Throughout the summer and fall, many states that once had eviction bans in place have let them lapse, including Massachusetts, which for much of the pandemic had some of the strongest protections in the country. 

“It’s unfortunate that we can’t continue that same protection forever, said Chris Norris, executive director of the nonprofit Metro Housing Boston. “But the governor did step forward with a variety of different options that we hope to be able to serve as many people as possible as quickly as possible.”

Among those options: about a hundred million additional dollars for the state’s existing emergency rent relief fund. Renters who are struggling, and who meet certain criteria, can apply to the Residential Assistance for Families in Transition program for up to $10,000 in short-term financial assistance.

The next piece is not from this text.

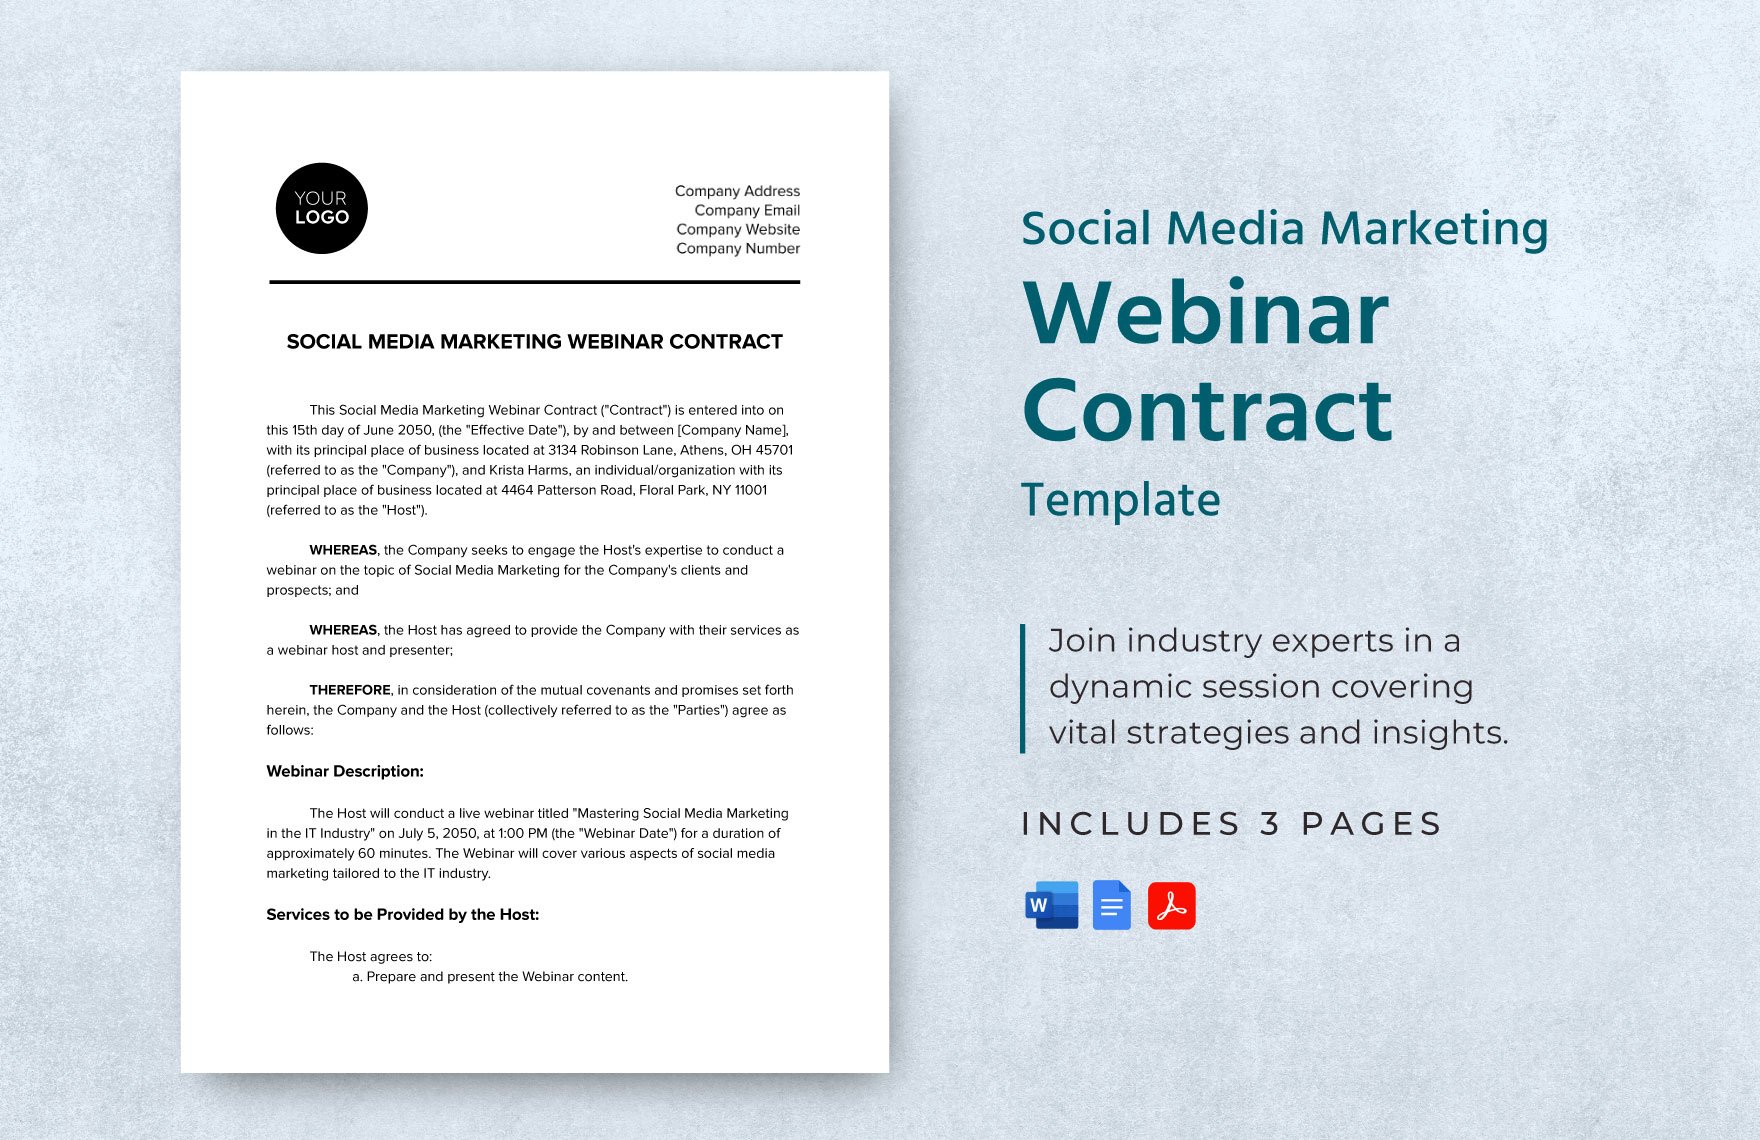 Social Media Marketing Webinar Contract Template in Word, Google Docs, PDF

“It’s a nice first step,” Norris said. “It’s nowhere near enough.” 

A recent report from the Metropolitan Area Planning Council found that the gap between what Massachusetts renters owe and what they can afford to pay is around $40 million for the month of October alone. 

The fact that the state’s eviction moratorium has expired concerns Norris, he said, “but at some point, I think there’s agreement that an eviction moratorium standing alone, unless there’s some way to guarantee payment to owners, isn’t the solution to the broader problem.”

That solution, most housing advocates agree, needs to come from the federal government and needs to include some form of rent relief. 

“The real challenge that we’re facing is on Dec. 31, when this CDC eviction moratorium expires,” Yentel said. “At that point, renters will owe tens of billions of dollars in back rent that they can’t possibly afford to pay. And if there’s not further action from the federal government, we’ll see potentially tens of millions of people losing their homes in the dead of winter and during a surge of coronavirus.”